Paul knew what is essential for sinners to be saved. First, he explains that it requires divine sovereignty—he recognized that salvation is a divine work. In Romans 9:6, Paul indicates some believed that God’s plans had failed. But the Word of God has not failed in the unbelief of Israel, and here’s why: “For they are not all Israel who are descended from Israel” (Romans 9:6). God never intended to save all of Israel—He has always been selective. Paul explains that the blessing did not extend equally to all of Abraham’s offspring—that it came through Isaac, then Jacob. God never made a secret that this was part of His divine plan: “Jacob I loved, but Esau I hated” (Romans 9:13).
Paul anticipates the possible objection to God’s selectivity, and heads it off. “What shall we say then? There is no injustice with God, is there? May it never be!” (Romans 9:14). That final phrase, mē genoito, is the strongest negative in the Greek language. Paul is saying “No, never, not at all.” He goes on, “For He says to Moses, ‘I will have mercy on whom I have mercy, and I will have compassion on whom I have compassion.’ So then it does not depend on the man who wills or the man who runs, but on God who has mercy” (Romans 9:15–16). The Lord’s gracious choice of certain people unto eternal life is just that—His choice. It’s not based on human merit or exertion. To further illustrate God’s discriminatory practices, Paul looks all the way back to Pharaoh:
For the Scripture says to Pharaoh, “For this very purpose I raised you up, to demonstrate My power in you, and that My name might be proclaimed throughout the whole earth.” So then He has mercy on whom He desires, and He hardens whom He desires. (Romans 9:17–18)

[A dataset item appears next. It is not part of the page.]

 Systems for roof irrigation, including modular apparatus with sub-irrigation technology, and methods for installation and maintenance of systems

Again, Paul knows our natural inclination is to object on the basis of so-called fairness. In verse 19 he raises the objection for us: “You will say to me then, ‘Why does He still find fault? For who resists His will?’” How can God find fault with us if He’s the one who makes the decision? How can He harden Pharaoh’s heart, then hold him responsible for the actions of a hard heart?

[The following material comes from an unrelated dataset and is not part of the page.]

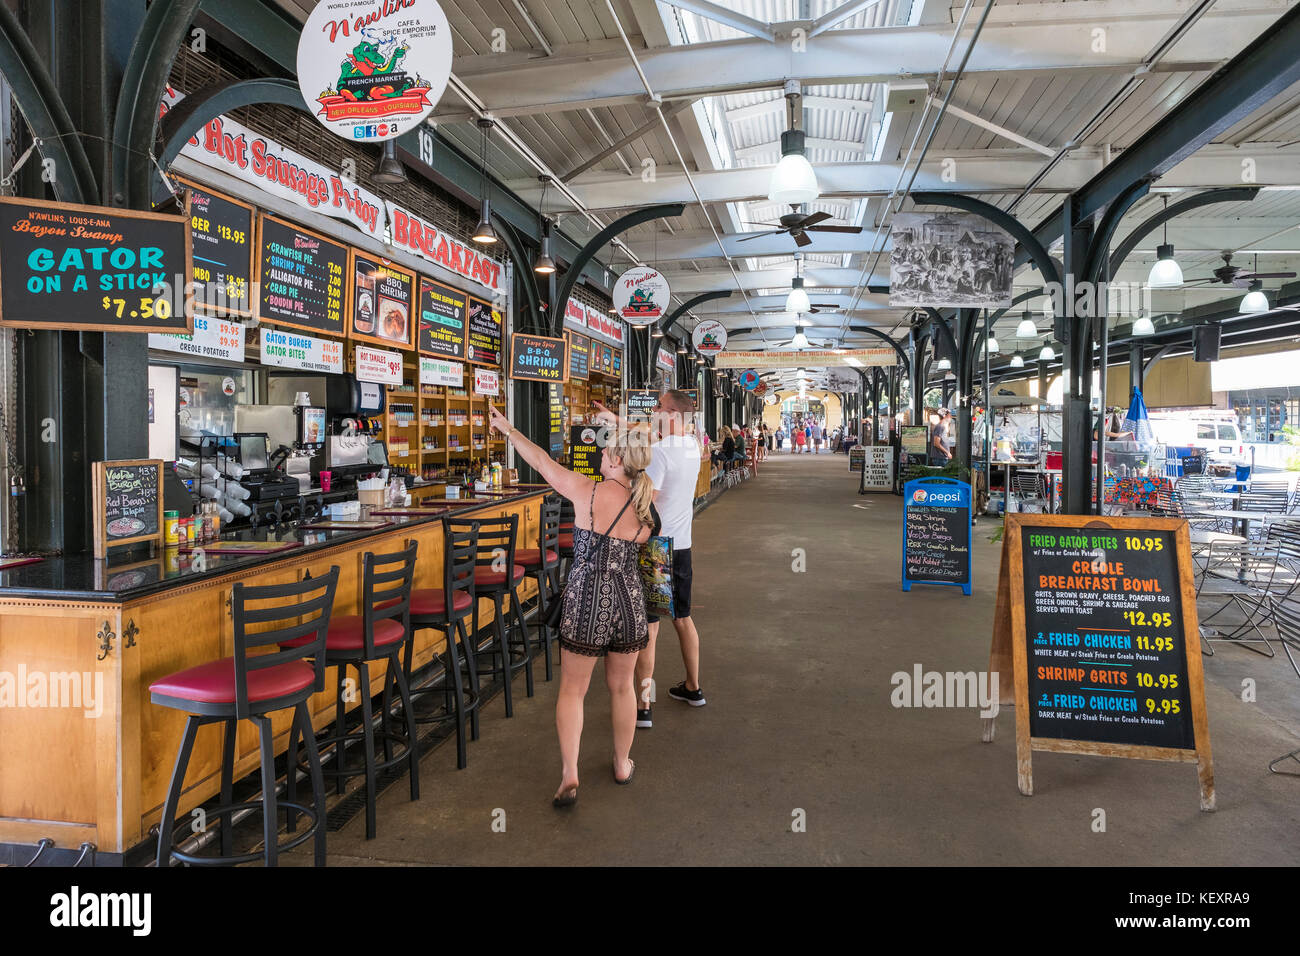 United States, Louisiana, New Orleans, French Quarter. French Market shops and farmer's market. Stock Photo

Paul answers those gripes by essentially telling us, in his own vernacular, to shut up:
On the contrary, who are you, O man, who answers back to God? The thing molded will not say to the molder, “Why did you make me like this,” will it? Or does not the potter have a right over the clay, to make from the same lump one vessel for honorable use and another for common use? What if God, although willing to demonstrate His wrath and to make His power known, endured with much patience vessels of wrath prepared for destruction? (Romans 9:20–22)
As the potter, God exercises ultimate and unquestioned authority over us, the clay.
Now, bear in mind also that God exercises His sovereignty without doing any violence to the will of the creature. Pharaoh was guilty because he himself was in willful rebellion against God. God did not overrule any desire or inclination of Pharaoh in order to harden the evil ruler’s heart. The hardening of Pharaoh’s heart was not done against Pharaoh’s own will.
Still, this passage in Romans 9 is perhaps the strongest statement of divine sovereignty in the New Testament. We must understand that God has the right to put His wrath and His justice on display for His glory just as much as He has the right to put His mercy and His grace on display. Obviously, we prefer the glory He receives from His grace, but He gets just as much glory from His wrath. It is simply not up to us to determine how God displays His glory. Paul understands that salvation is a sovereign work and that God is not unjust, and nothing here contradicts the truth of Psalm 119:142, which says, “Your righteousness is an everlasting righteousness.” God will do what God will do, and it will always be righteous and just.